EPA Marks National Pollinator Week by Proposing Protections for 27 of the Most Vulnerable Endangered Species

June 26, 2023
During National Pollinator Week, the U.S. Environmental Protection Agency (EPA) is continuing its work to protect pollinators by proposing geographically-specific protections that would limit the use of pesticides in the habitat of 27 endangered and threatened (listed) species, including some pollinators. The Agency is releasing for public comment a draft white paper that describes these proposed mitigation measures as part of its Vulnerable Species Pilot announced last year. EPA is also updating the interactive endangered species StoryMaps released last month to include information on all 27 listed species and the proposed mitigation measures for each.
Pollination is crucial to over 1,200 food crops and provides nourishment to nearly 200,000 different plants that yield various oils, cotton, clean air, seeds, and vegetables.

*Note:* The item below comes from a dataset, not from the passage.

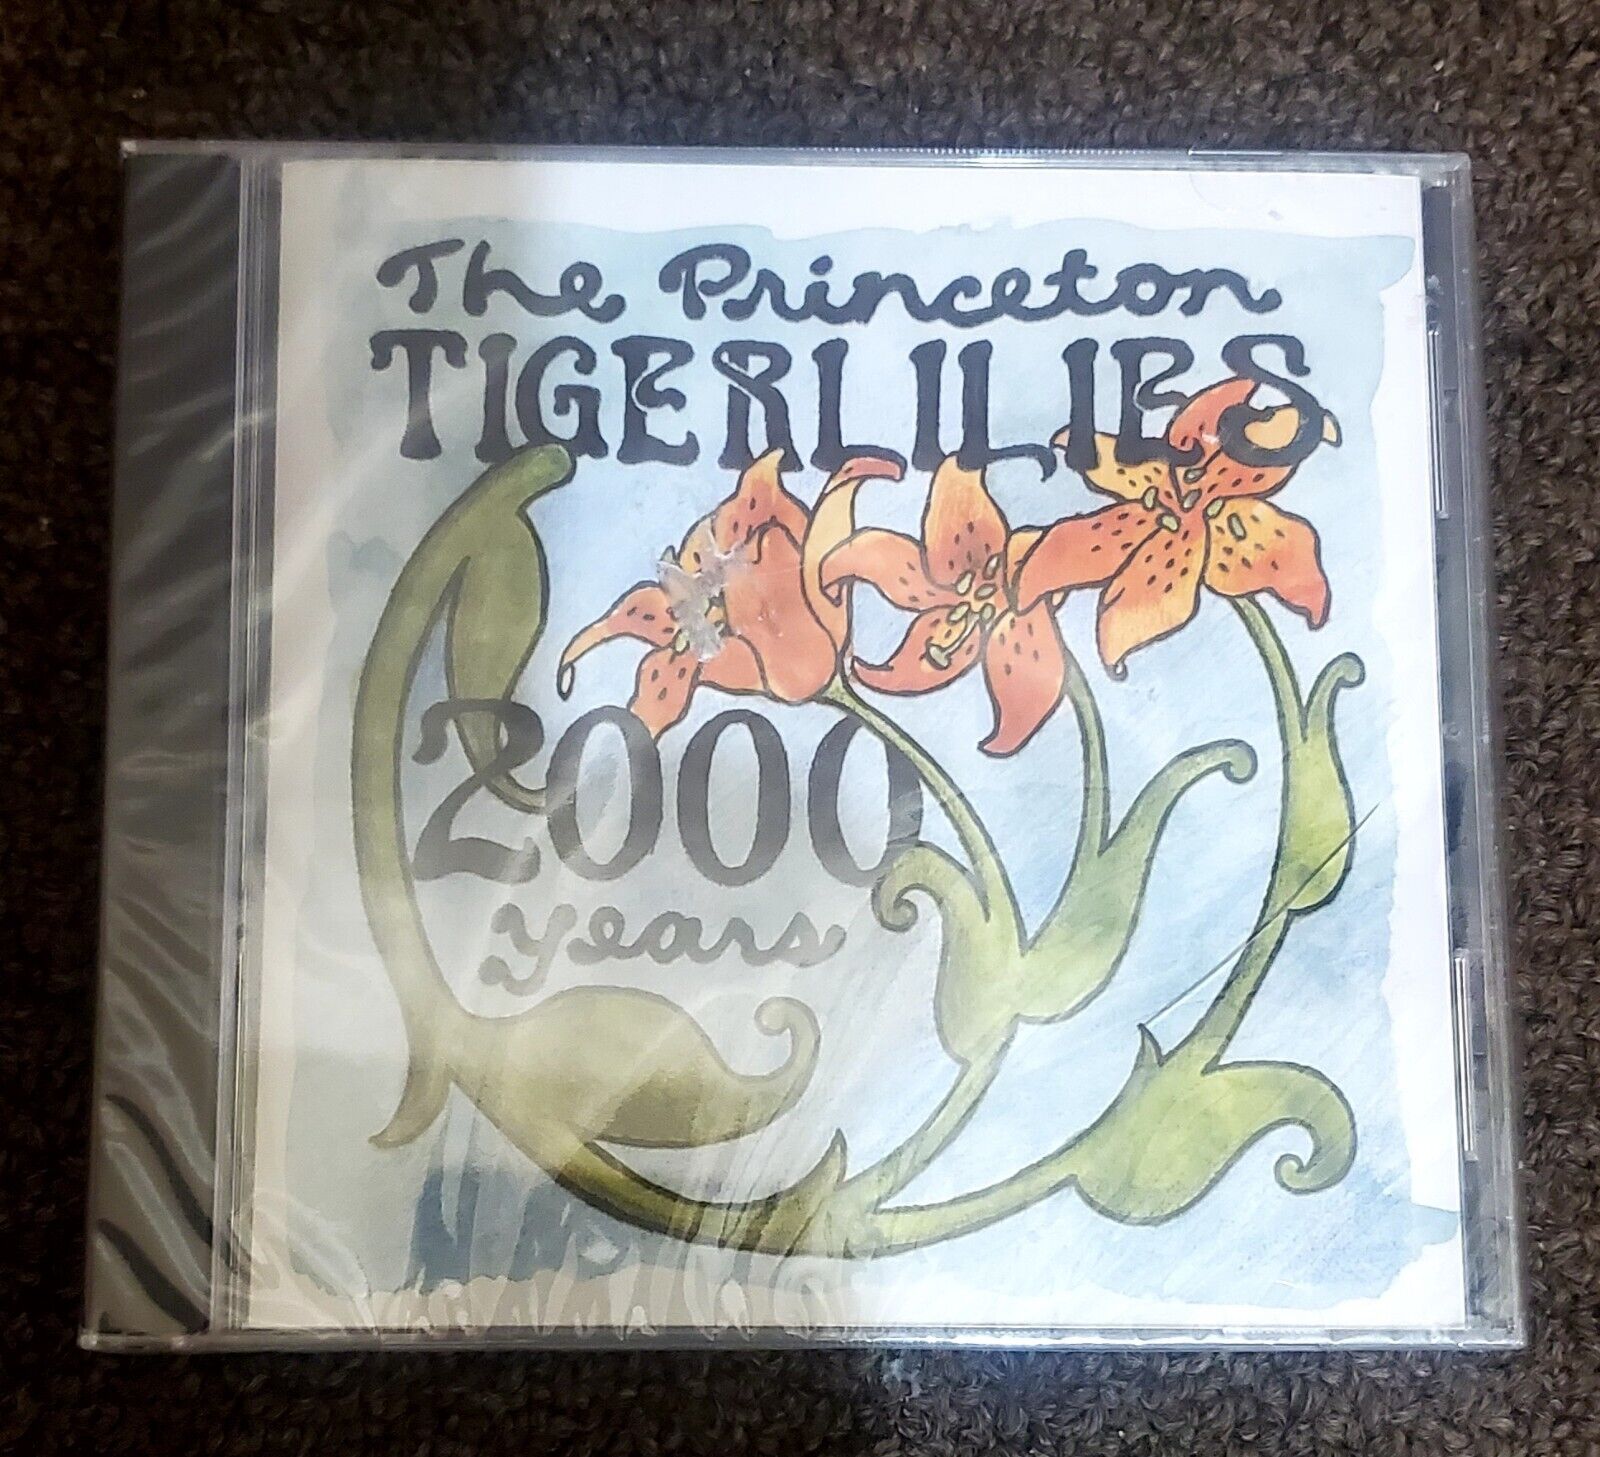 Princeton [University] Tigerlilies - 2000 Years - rare CD - sealed unopened 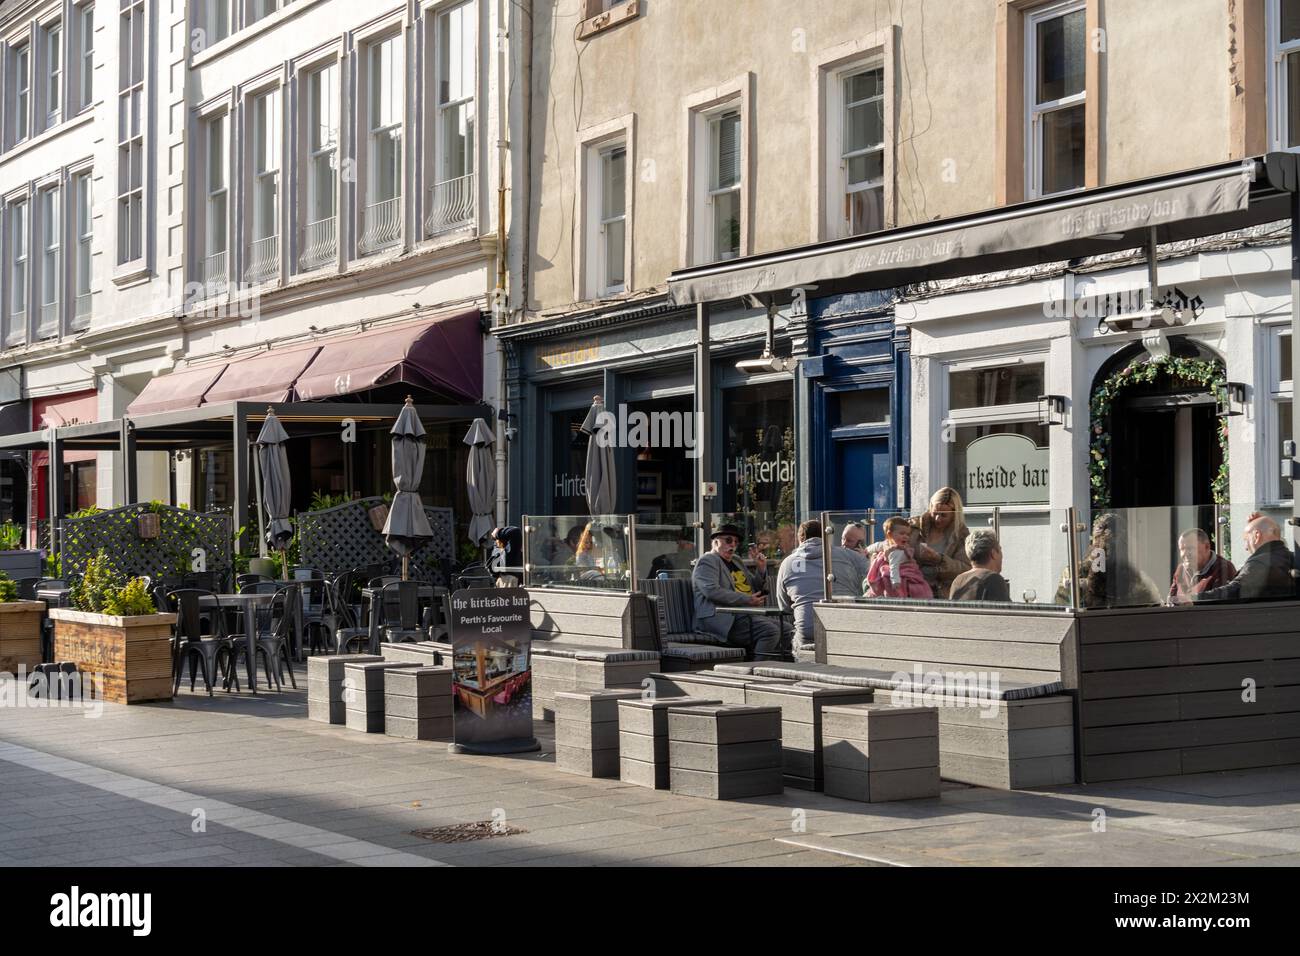 Ristoranti con terrazze all'aperto in stile europeo su St John's Place nella città scozzese di Perth, Scozia, Regno Unito Foto Stock

As a result, one-third of the nation’s food supply depends on pollination. Earlier this week, EPA Administrator Michael S. Regan issued a proclamation in support of National Pollinator Week. The proclamation recognizes the importance of pollinators to America’s food systems and ecosystems. It also highlights EPA’s work to protect pollinators by developing new strategies like the geographically-specific mitigations discussed below and the importance of continued collaboration with other federal agencies.
“Pollinator health affects biodiversity, ecosystems, global food supplies, and human health,” said EPA Deputy Assistant Administrator for Pesticide Programs Jake Li. “The proposed mitigations we’re announcing today are tailored to where these 27 listed species, including pollinators, live and our new maps make it easy for people to find and visualize this important information.”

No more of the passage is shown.